--- PROVIDED MATERIAL ---

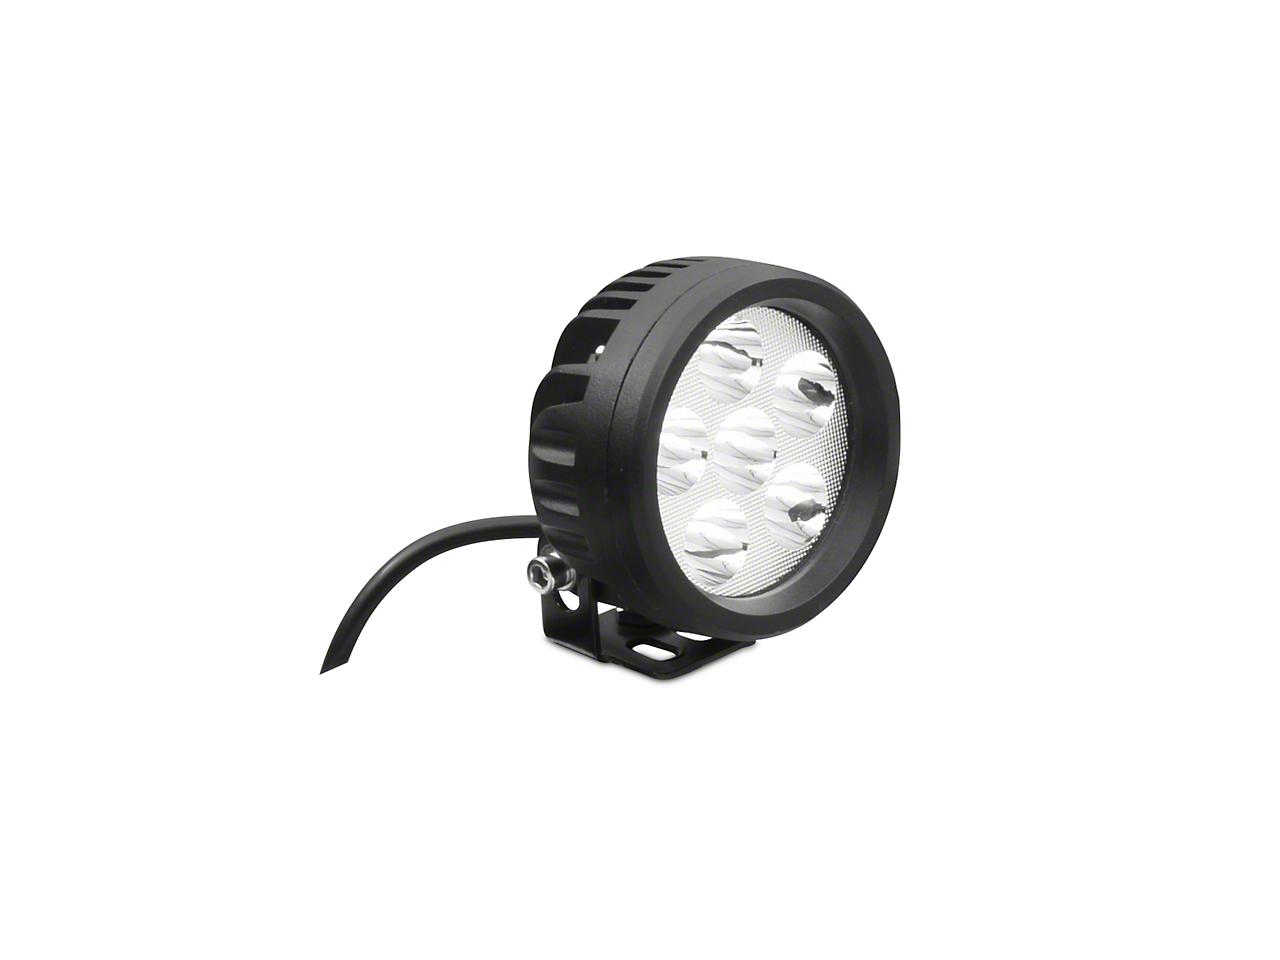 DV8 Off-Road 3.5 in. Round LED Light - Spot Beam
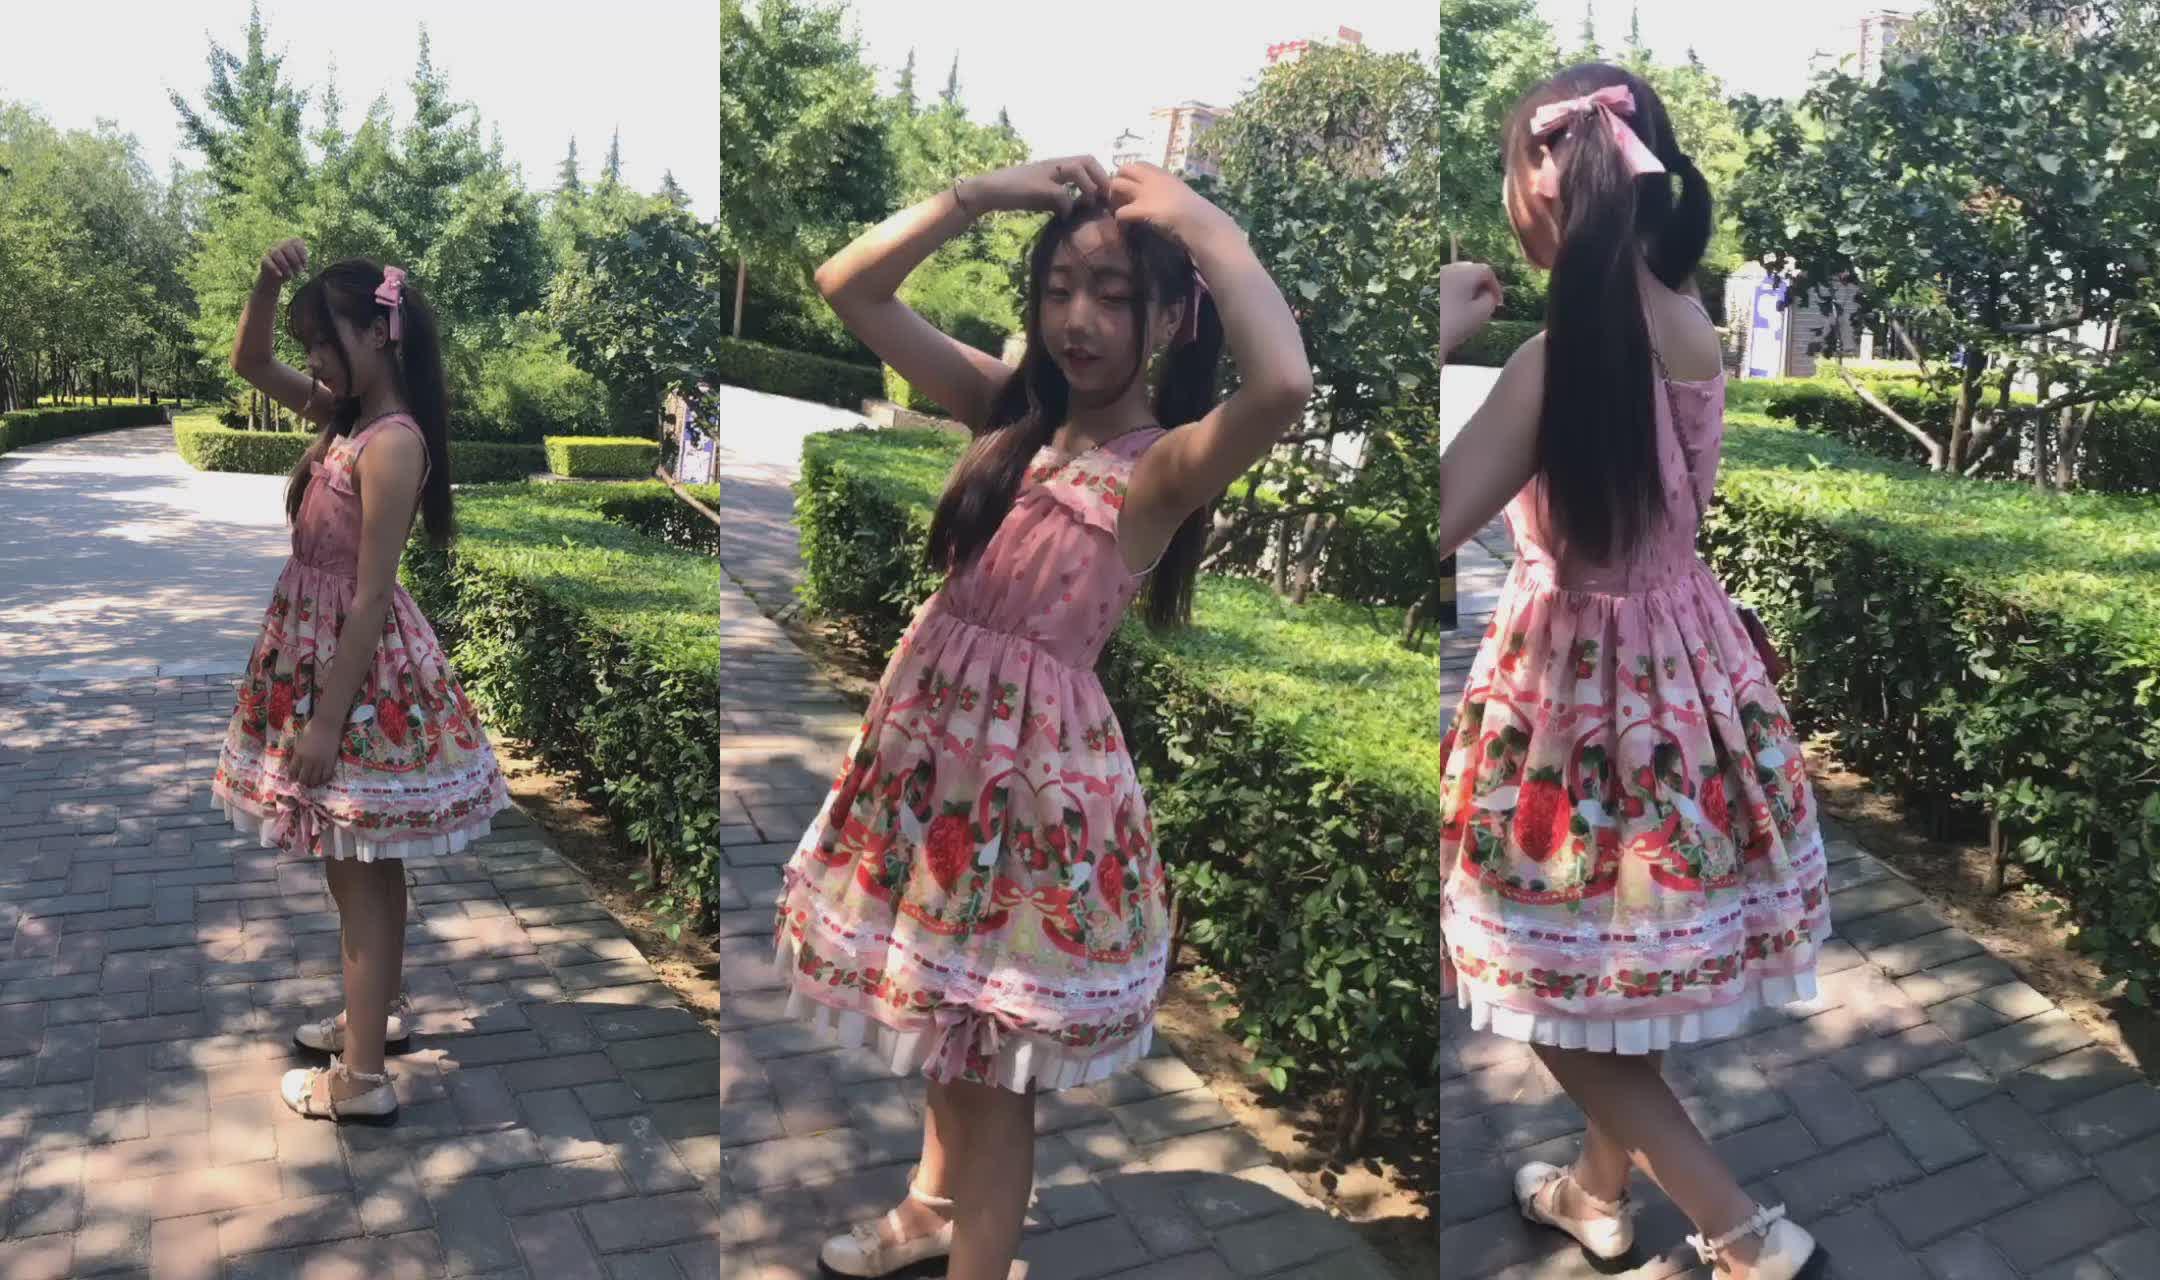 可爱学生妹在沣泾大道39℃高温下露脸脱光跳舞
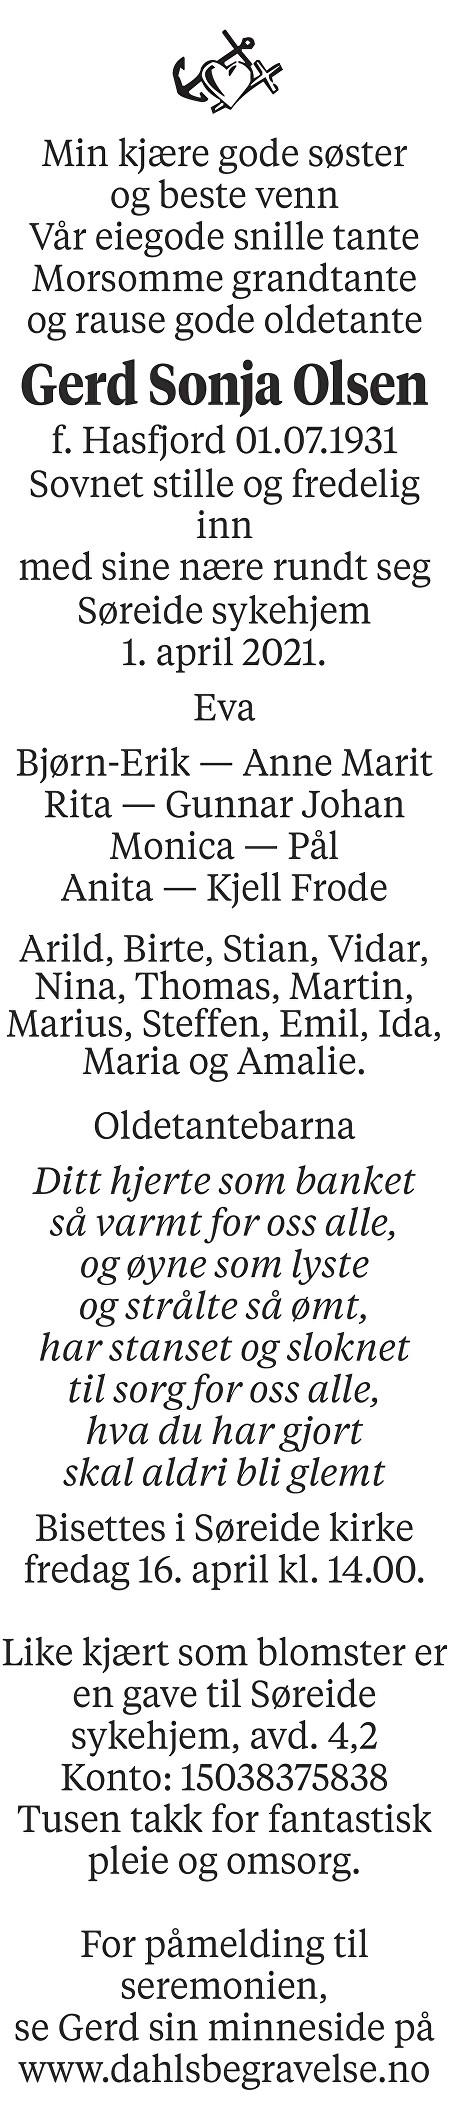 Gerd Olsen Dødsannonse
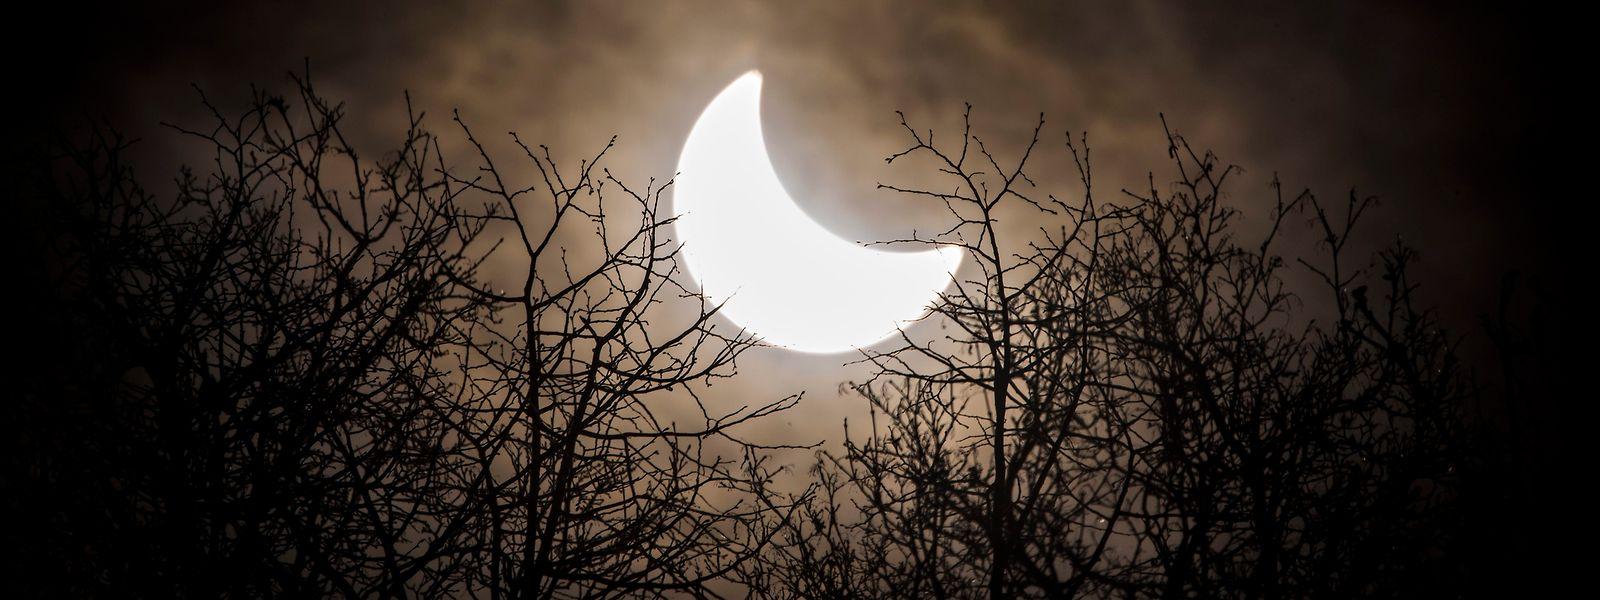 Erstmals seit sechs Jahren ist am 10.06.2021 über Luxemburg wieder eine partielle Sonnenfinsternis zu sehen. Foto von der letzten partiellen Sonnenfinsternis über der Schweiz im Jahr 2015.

---

AIM OF THE EXERCISE ▸
Write out, exactly as they appear, the lines from the one containing "Gerd Olsen Dødsannonse" through the end of the material above, excluding pictures.

ANSWER TO THE EXERCISE ▸
 Gerd Olsen Dødsannonse
 Erstmals seit sechs Jahren ist am 10.06.2021 über Luxemburg wieder eine partielle Sonnenfinsternis zu sehen. Foto von der letzten partiellen Sonnenfinsternis über der Schweiz im Jahr 2015.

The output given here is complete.